Wednesday, February 12, 2014
Dr. Roger Tomlinson, Father of GIS, Dead at 80
Yesterday, it became publicly known that over this past weekend, Dr. Roger Tomlinson, the Father of GIS, passed away in San Miguel de Allende, Mexico. Prayers and thoughts are with the family and friends of this amazing individual who did much to change the world. Some insights about a life well spent can be found below:
(GIS Lounge, February 11, 2014)
(University Consortium for Geographic Information Science Fellow Award Biography)
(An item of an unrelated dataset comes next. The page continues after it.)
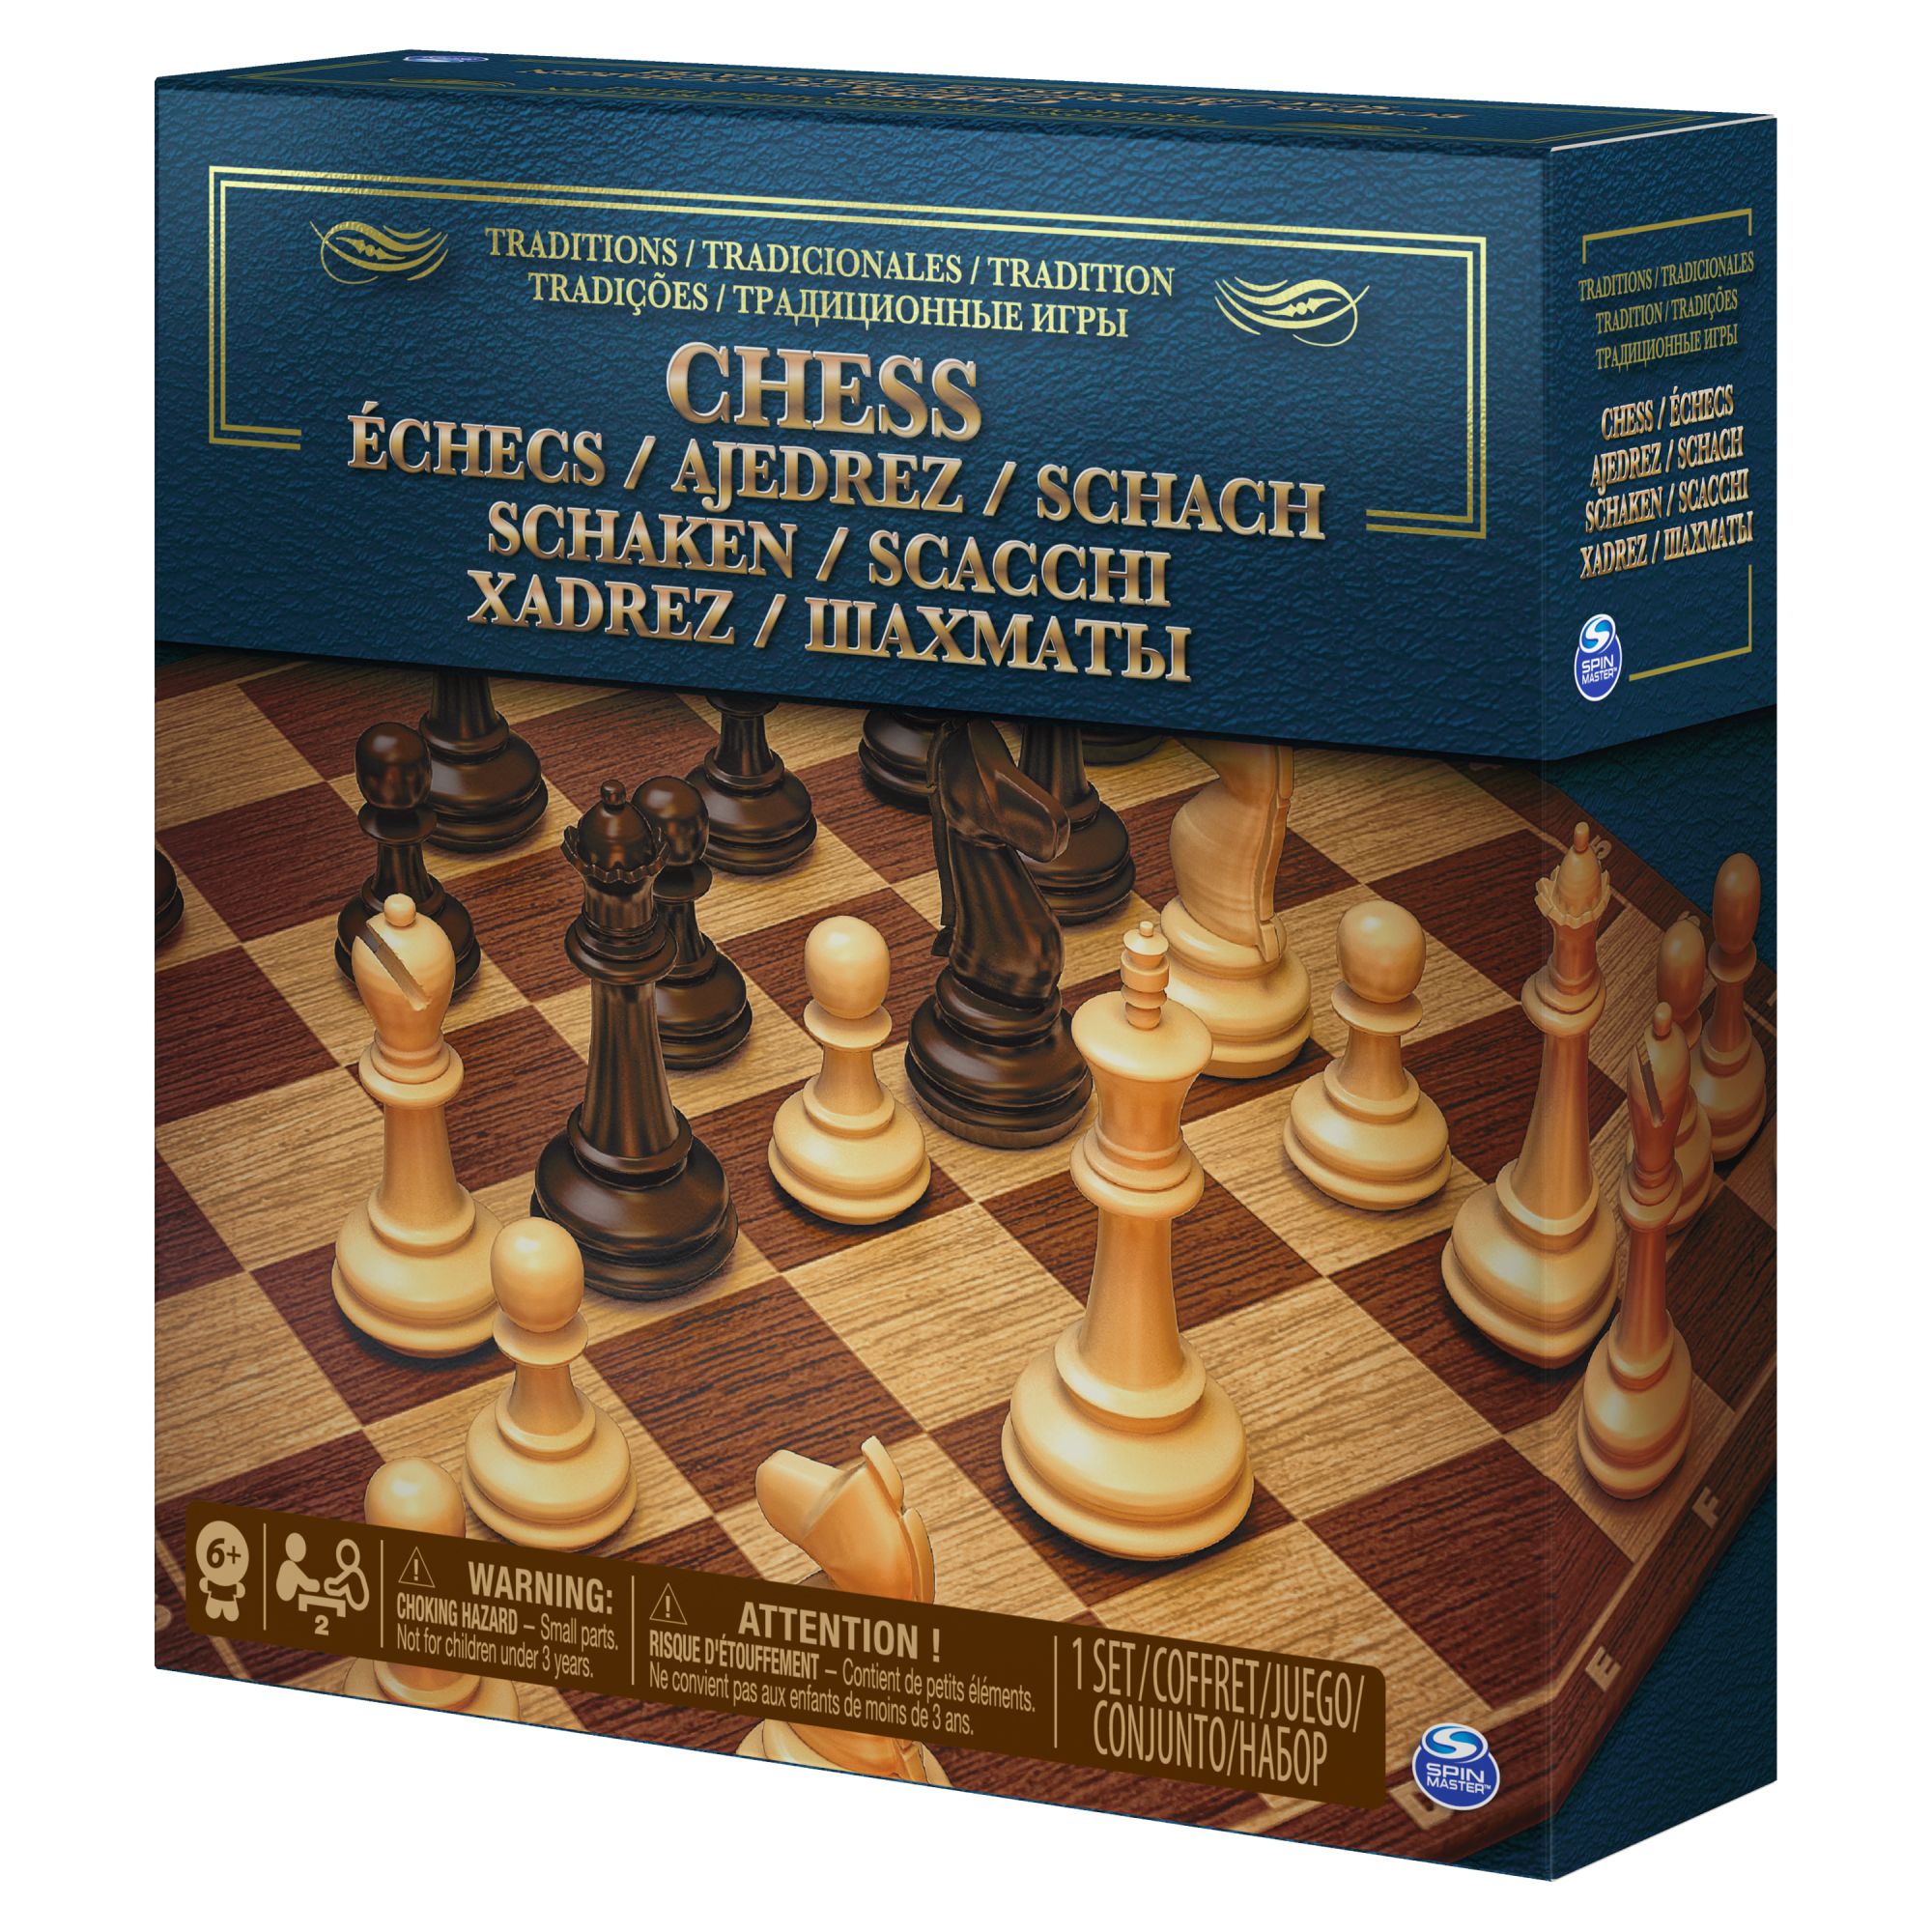 Juegos de ajedrez en venta en Belo Horizonte, Facebook Marketplace

Photo Credit: Jegan's ASCII & Wallpaper Blog
Tuesday, February 11, 2014
ShotSpotter: Now Indoors
SST, manufacturer of the ShotSpotter gunfire locating system used by police in many metropolitan areas to quickly determine and record the location of outdoor crime involving firearms, announced late last year it had released an indoor version called SiteSecure. Given the dramatically different nature of the two settings, considerable work was required to create an effective indoor system. The company cited the recent rash of indoor active shooter incidents as the reason why it had developed SiteSecure. More below:
(IWCE's Urgent Communications, January 30, 2014)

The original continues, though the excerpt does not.